Benedikt Lux, innenpolitischer Sprecher der Berliner Grünen, findet den Vorschlag der Linken „sinnvoll“. Es müsse ermittelt werden, „wer aus welchen Motiven, alleine oder als Teil eines Netzwerks dafür verantwortlich ist“, teilte er der Berliner Zeitung mit. Frank Zimmermann, innenpolitischer Sprecher der SPD hingegen lehnt den Vorschlag klar ab: „Wenn damit eine Überwachung durch anlasslose Kontrollen gemeint ist: Nein.“ Er warnte vor vorschnellen Schlüssen, bei dem berichteten Zugriff von einem Berliner Polizeicomputer handele es sich um eine Pressemeldung. „Die gilt es zu prüfen.“

CDU-Fraktionschef Burkard Dregger sagte der Berliner Zeitung, er wolle vom Berliner Innensenator im nächsten Innenausschuss erfahren, ob die Berichterstattung zutreffe – und, sollte es so sein, „warum der Innensenator das Parlament darüber bisher nicht informiert hat“.

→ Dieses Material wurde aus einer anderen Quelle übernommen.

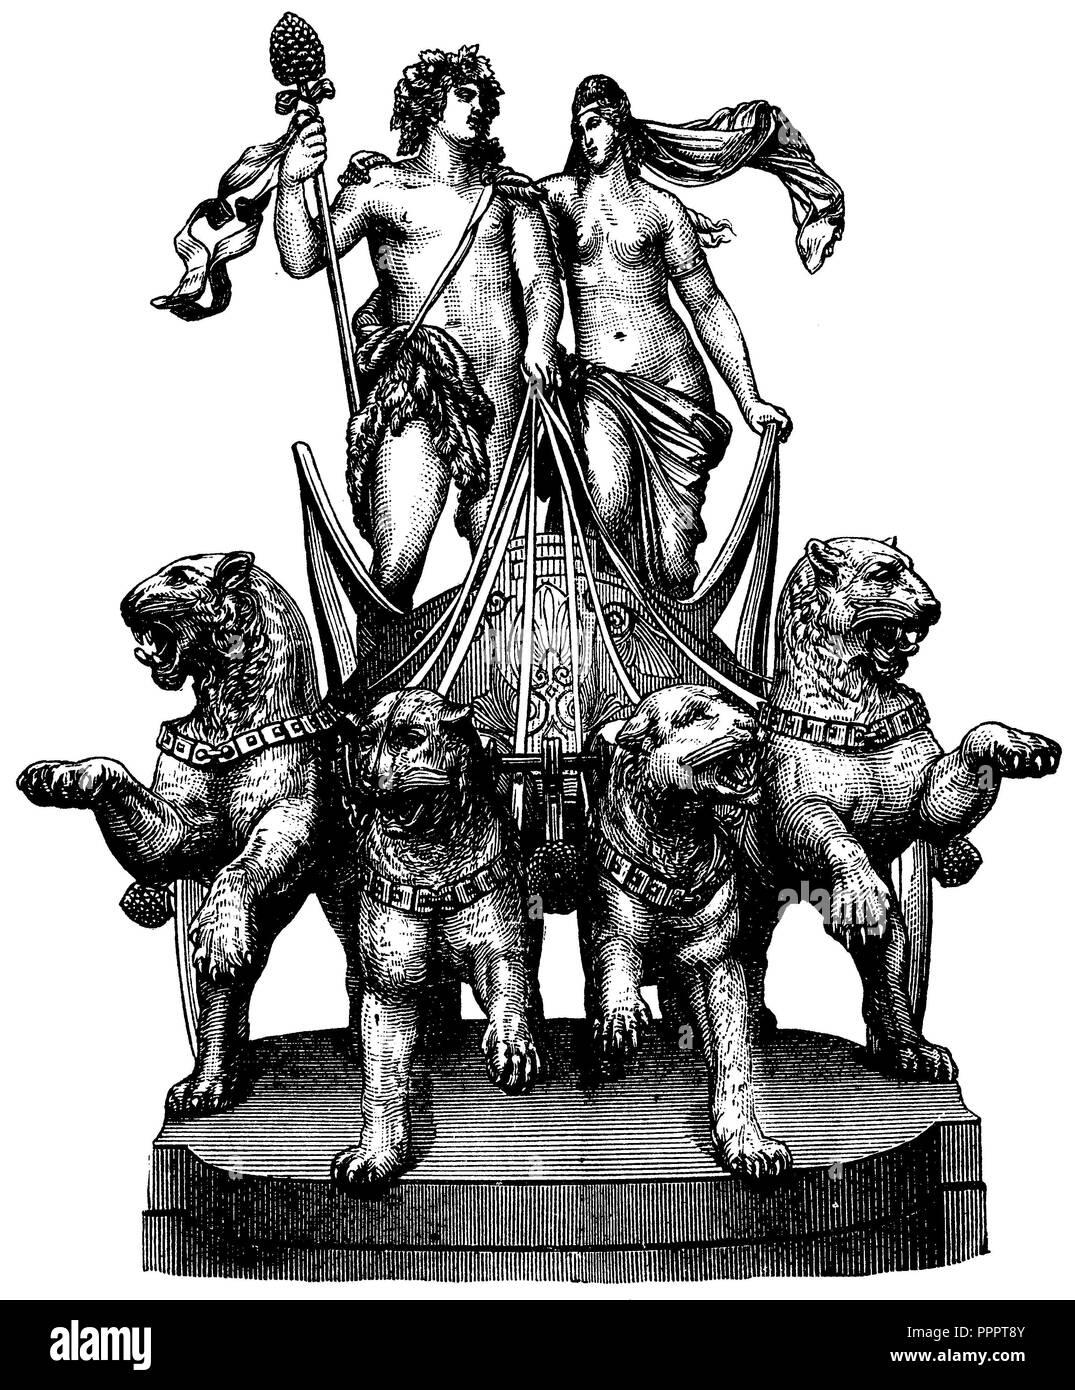 Dionysus and Ariadne. Quadriga at the Dresdner Hoftheater. By Johannes Schilling, Johannes Schilling Stock Photo

Die Berliner Datenschutzbeauftragte Maja Smoltczyk, die nun die Prüfung eines Strafantrags eingeleitet hat, hat die Berliner Polizei erst Mitte August scharf öffentlich kritisiert. Die Polizei verweigere die Aufklärung von fragwürdigen Abfragen in Polizeidatenbanken, teilte Smoltczyk vor zwei Wochen mit.

Im konkreten Fall sei es um die Beschwerde einer Person gegangen, an deren Wohnhaus die Drohung „9 mm für (…). Kopfschuss“ stand. Diese Person sei bereits zuvor Opfer mutmaßlich rechtsextremer Gewalt gewesen. Die Polizei bestätigte laut Smoltczyk polizeiliche Zugriffe auf die Daten zweier betroffener Personen, konnte aber „lediglich einen Teil dieser Zugriffe nachvollziehbar dienstlich begründen“. Ein „äußerst irritierendes Verhalten der Berliner Polizei“, so Smoltczyk. „Die Berliner Polizeibehörde offenbart durch die hartnäckige Verweigerung ihrer Mitwirkung ein bedenkliches Rechtsverständnis.“

Benjamin Jendro, Sprecher der Gewerkschaft der Berliner Polizei (GdP), verwies am Donnerstag auf die in Hessen laufenden Ermittlungen zum Fall „NSU 2.0“, die es abzuwarten gelte – „auch weil hier viel spekuliert wird“. Die Droh-Mails an Idil Baydar und Anne Helm seien verachtenswert, man hoffe auf lückenlose Aufklärung. Es gebe aber bereits jetzt Stichproben der Datenabfragen, die Zahl der Missbräuche sei „schwindend gering“. Niemand innerhalb der Polizei könne ohne individuelle Nutzerkennung Abfragen im Poliks-System starten. „Der nächste Schritt wäre eine biometrische Sicherung, um keine Zweifel an der Identität des Abfragenden zu lassen“, so Jendro weiter.